Deciphering Virocell Metabolic Dynamics and Ecosystem Outputs Using a Novel Integration of Machine Learning and Metabolomics
Sumudu Rajakaruna1* (email@example.com), Marion Urvoy2, Roya AminiTabrizi1, Cristina Howard-Varona2, Matthew B. Sullivan2, and Malak M. Tfaily1,3
1University of Arizona, 2The Ohio State University, and 3Pacific Northwest National Laboratory
The overarching goal of this project is to establish ecological paradigms for how viruses alter soil microbiomes and nutrient cycles by developing foundational (eco)systems biology approaches for soil viruses. Here, the team used metabolomics to investigate phage-specific metabolic reprogramming in virus-infected cells (virocells) to build critically needed model systems and in silico resources and tools that can be extended to new soil model phage-host systems. Researchers used an already established marine phage-host model system as the base to (1) characterize metabolic dynamics of virocell infection, (2) assess the output of virocell metabolic reprogramming on ecosystem function, and finally (3) develop the analytics that will be directly transferable to soil systems.

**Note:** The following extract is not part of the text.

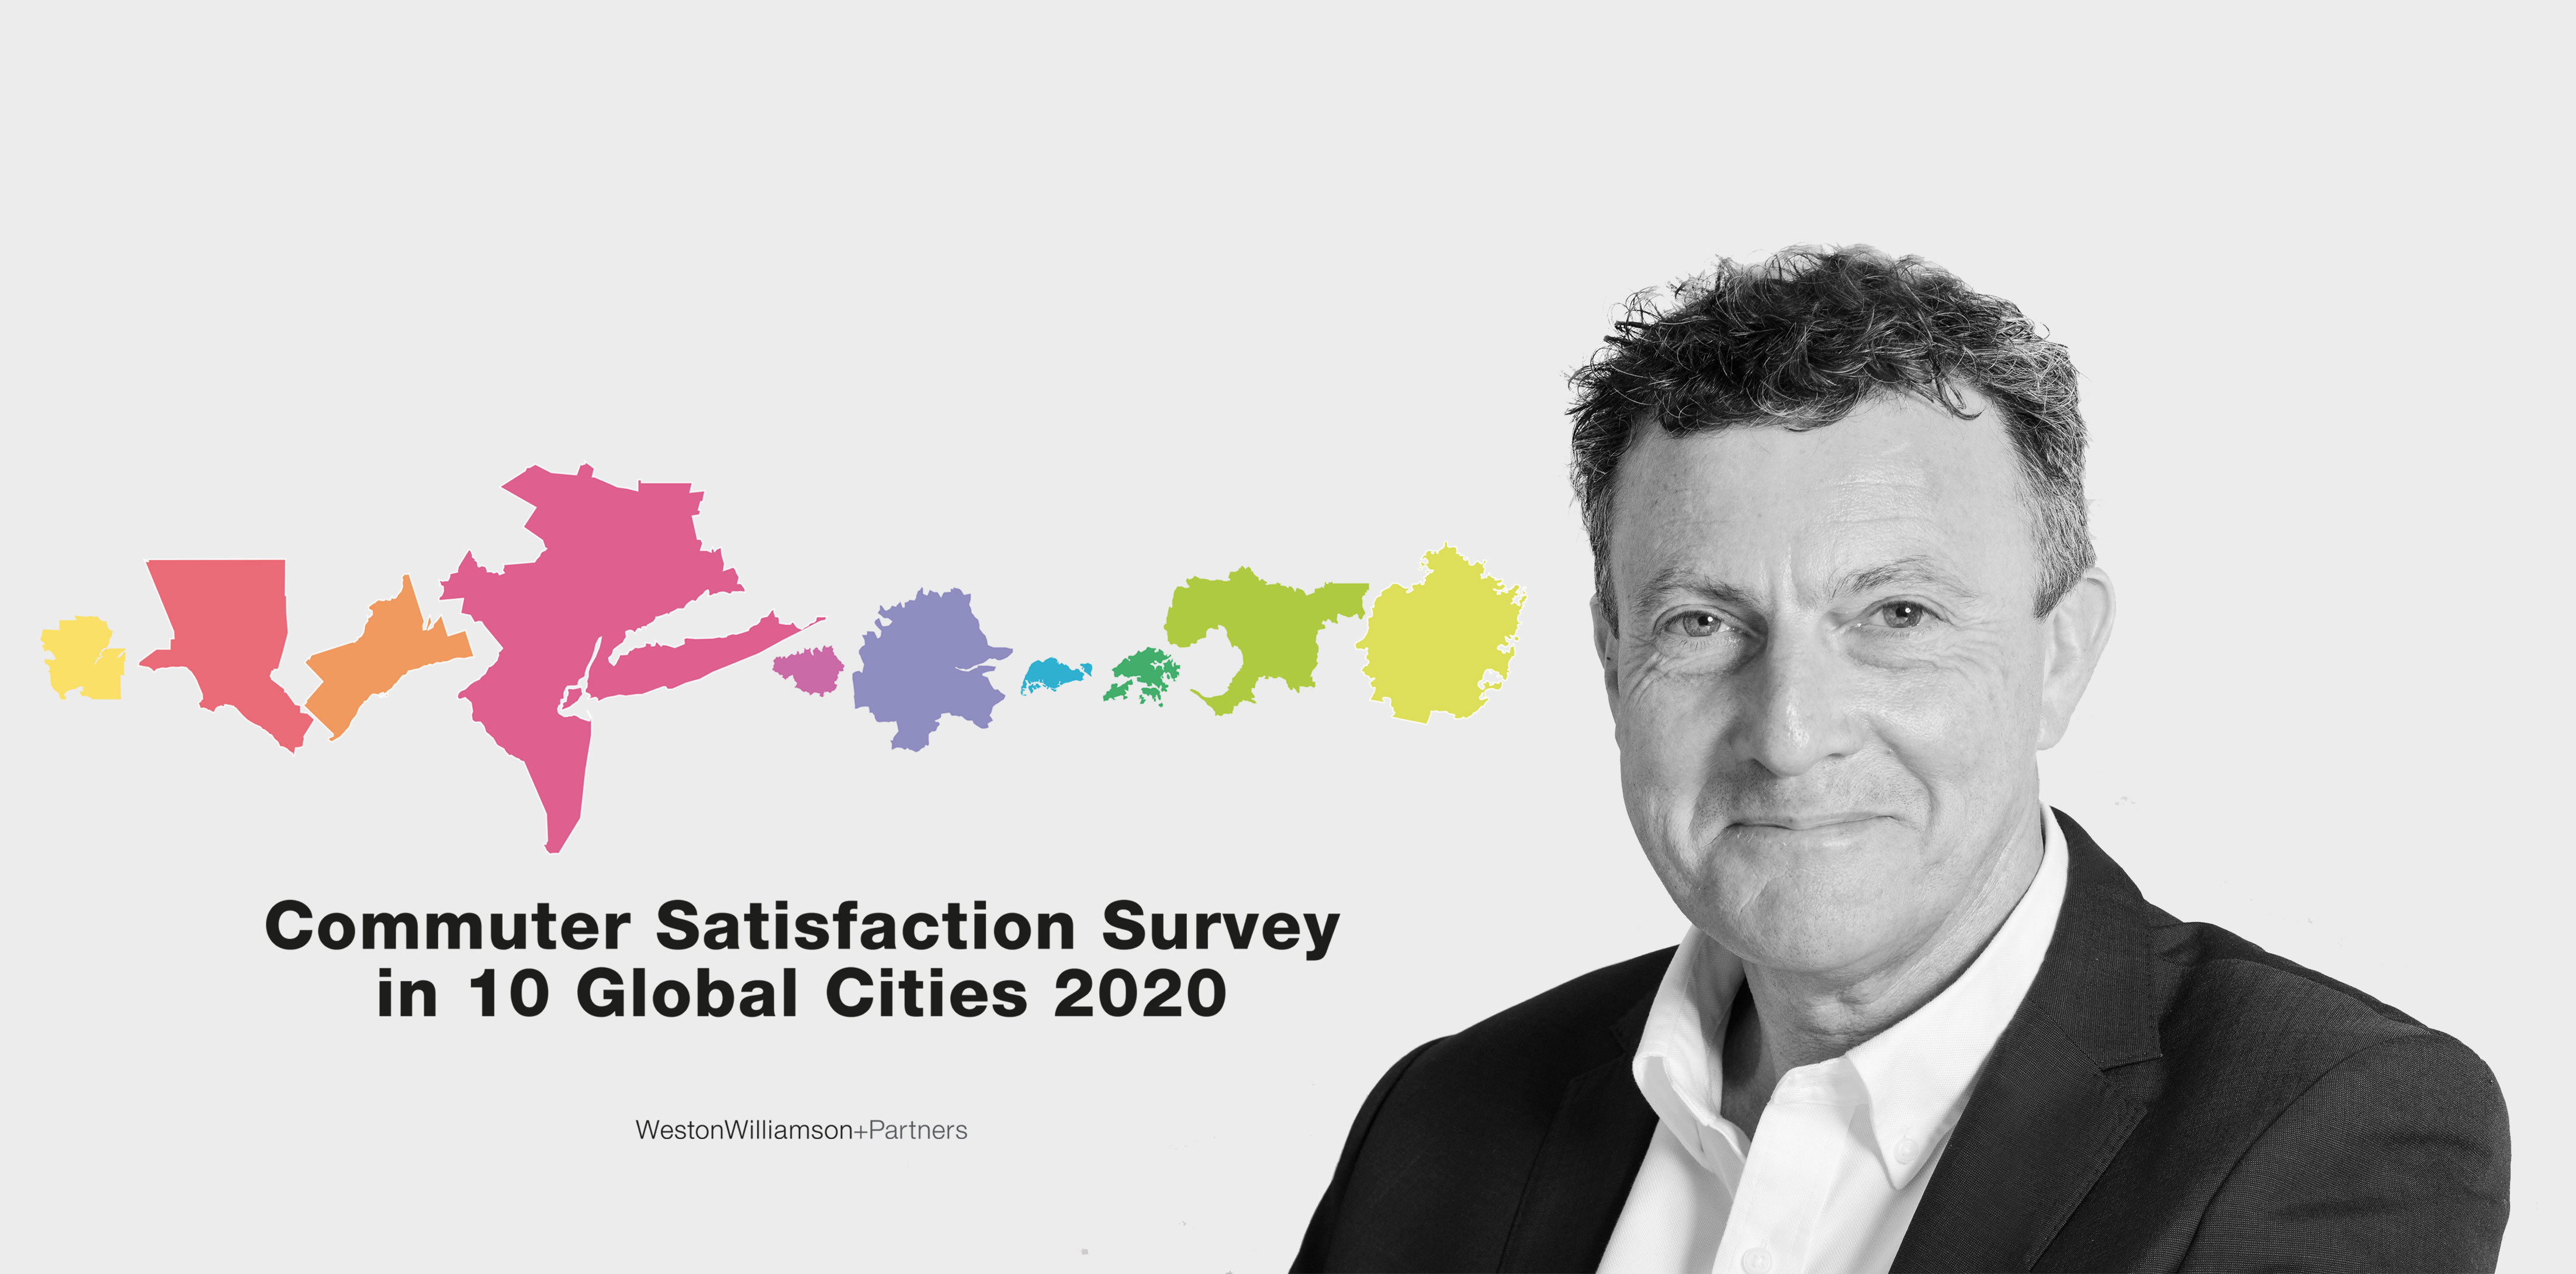 Commuter-Satisfaction-Survey-in-10-Global-Cities-2020-podcast.jpg#asset:11473
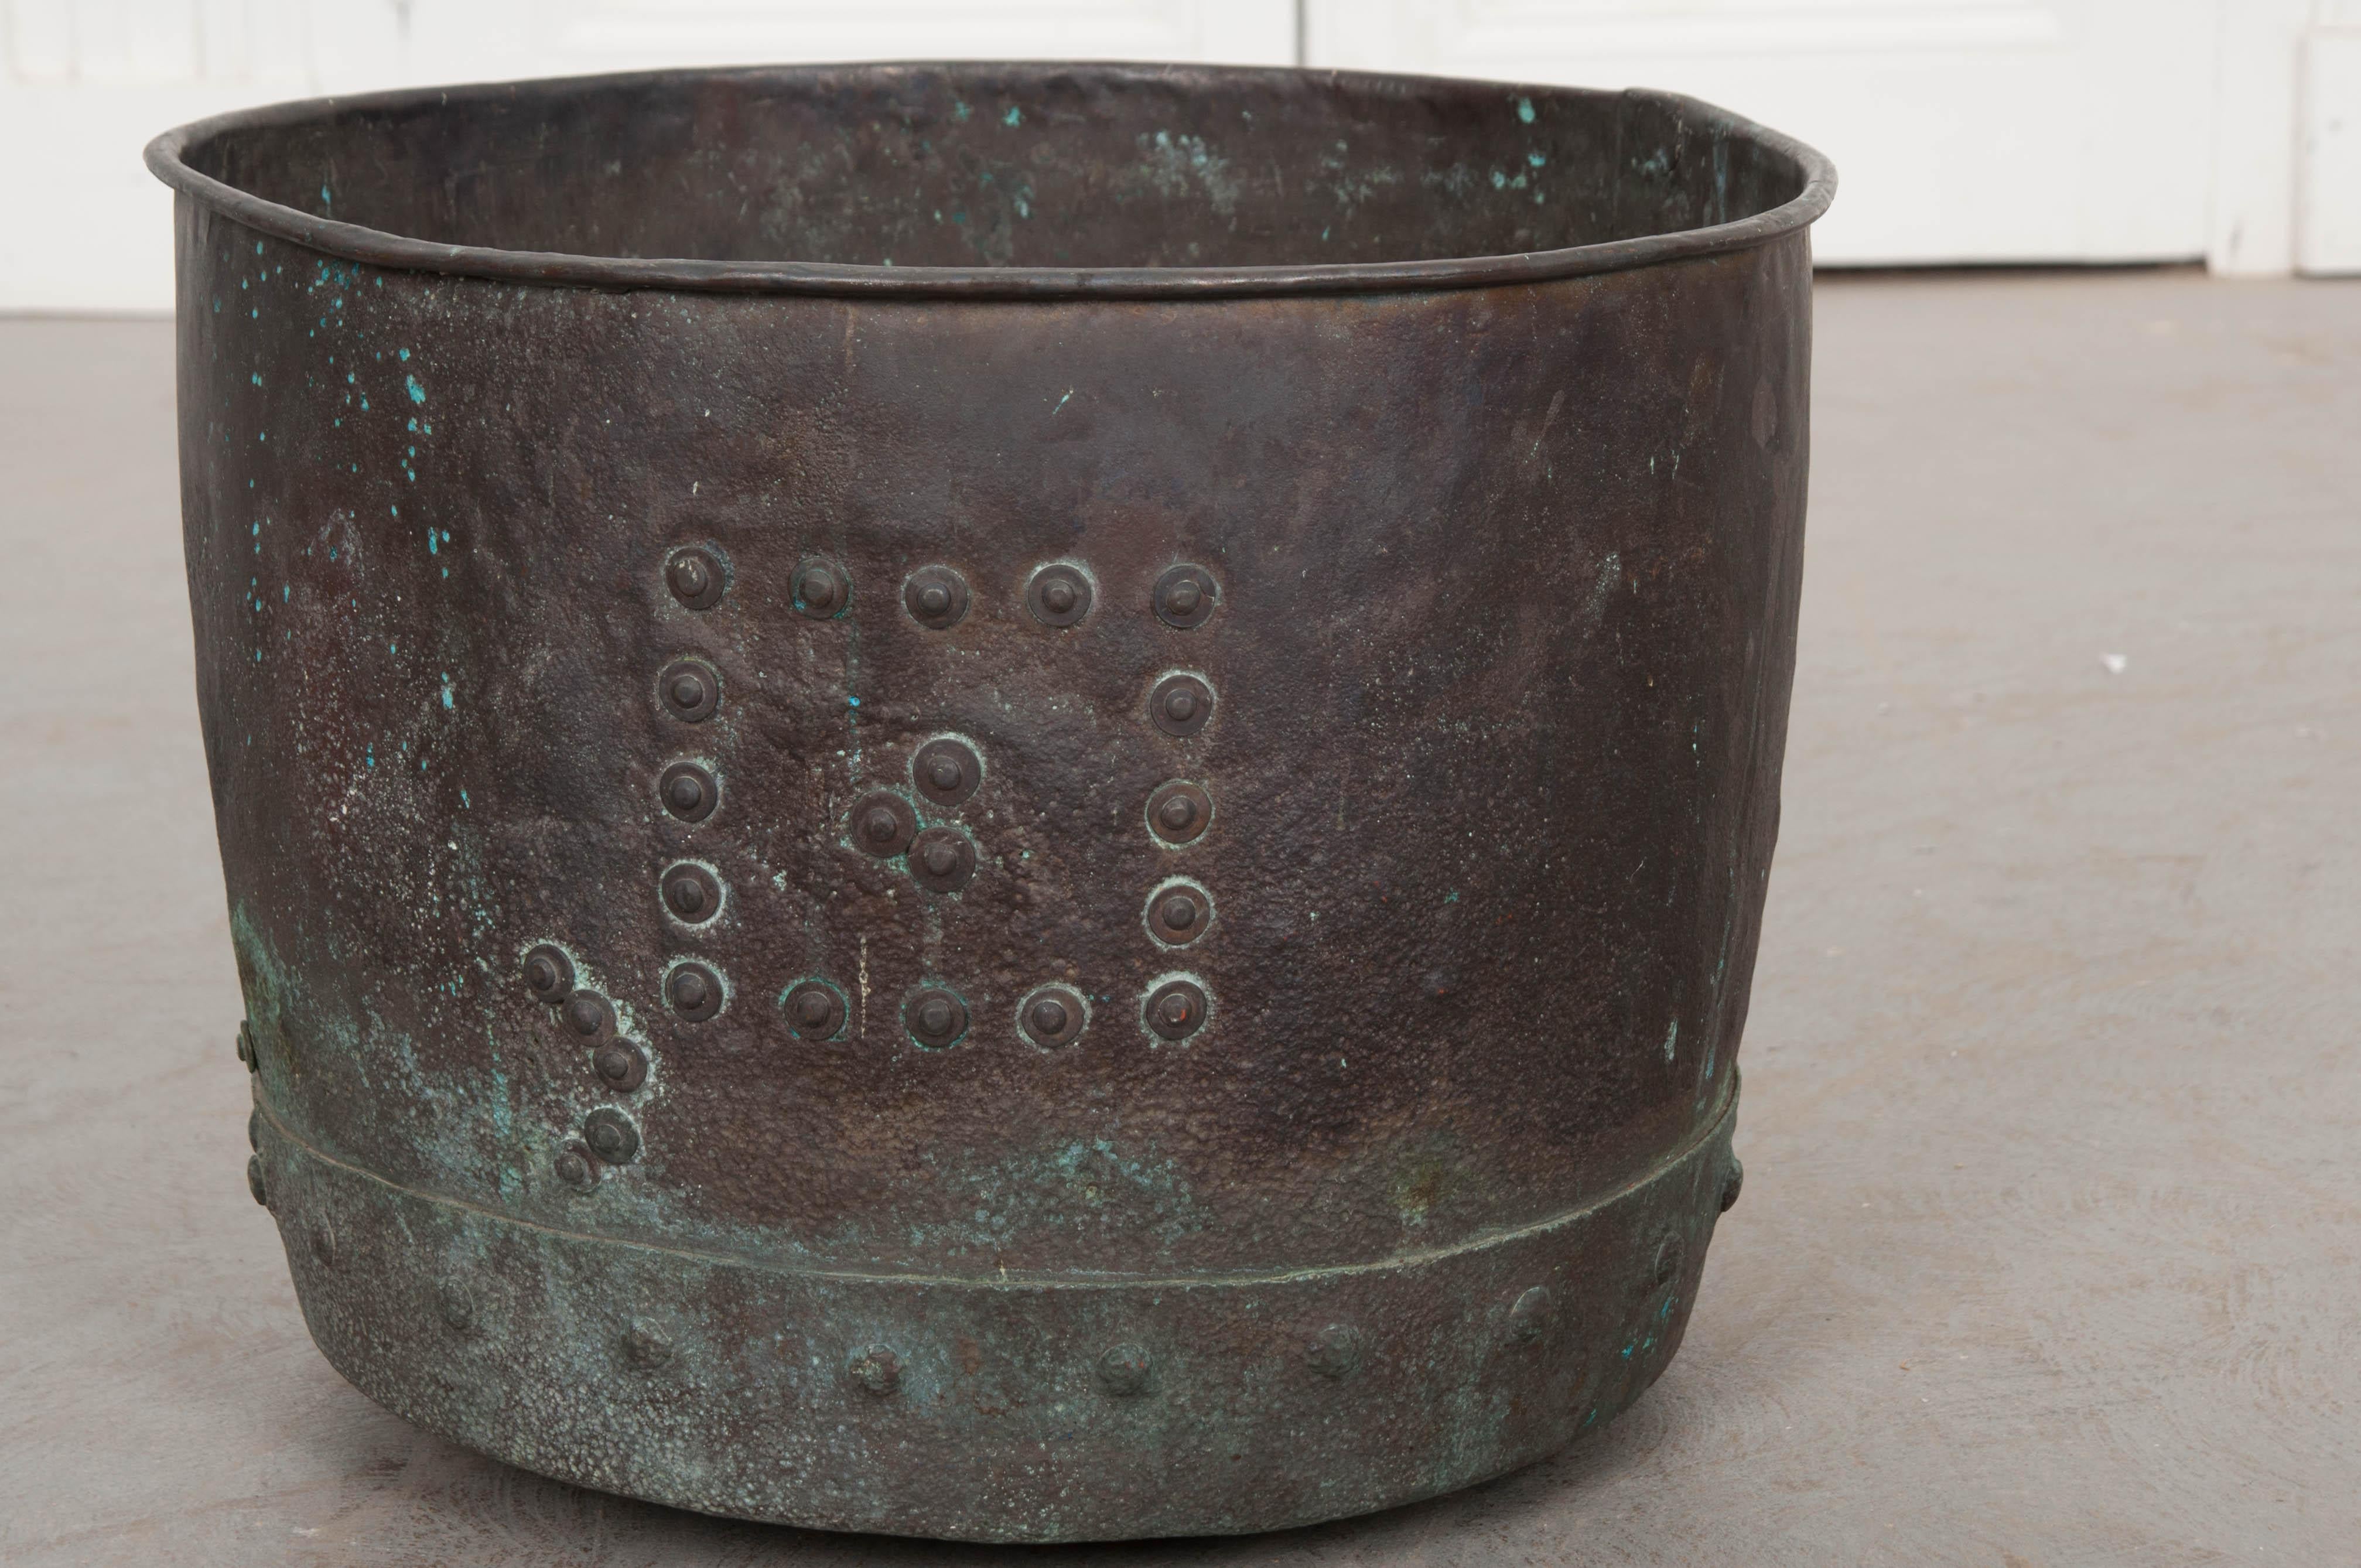 A beautifully patinated copper pot from England, circa 1880. The vessel has undergone some repairs at some points in its lifetime, as seen in the interesting patches secured with rivets. The metal has oxidized and turned a beautiful blue-green

Microorganisms, including bacteria and viruses, play a vital role in biogeochemical cycles and global ecosystem function. At present, virus contributions are largely assessed through community-scale geochemical measurements or through evolutionary inferences such as identifying horizontal gene transfer. However, viruses also metabolically reprogram their bacterial host cells towards virion synthesis during infection, which effectively makes the infected cells (virocells) ecologically, metabolically, and physiologically different from uninfected bacteria. Here the team investigated the endo- and exometabolomes of an ecologically important marine heterotroph (Cellulophaga baltica strain #18), independently infected by three viruses with different morphologies, genomes and, therefore, infection strategies, to understand phage-specific virocell metabolic reprogramming and ecosystem outputs in a highly resolved infection time course. Through numerous ordination and multivariate statistical analyses, researchers show not only that a virocell’s metabolite dynamics are different to that of an uninfected cell, but also that such metabolite dynamics differ temporally and between each virocell in ways that qualitatively associate with virus infection efficiencies, likely impacting ecosystem function. To assess this impact most comprehensively, researchers are optimizing metabolite annotation—a major limitation in metabolomics—via testing and implementing combined machine learning and deep learning algorithms to obtain probabilistic annotations for unknown metabolites. These efforts have enabled a 24% increase in total annotations so far, which ultimately would significantly improve the biological interpretation of metabolomics results. Given that soil microbes can be infected by viruses at any given time, collectively these findings suggest that viruses can play an important role in regulating present and future carbon cycling.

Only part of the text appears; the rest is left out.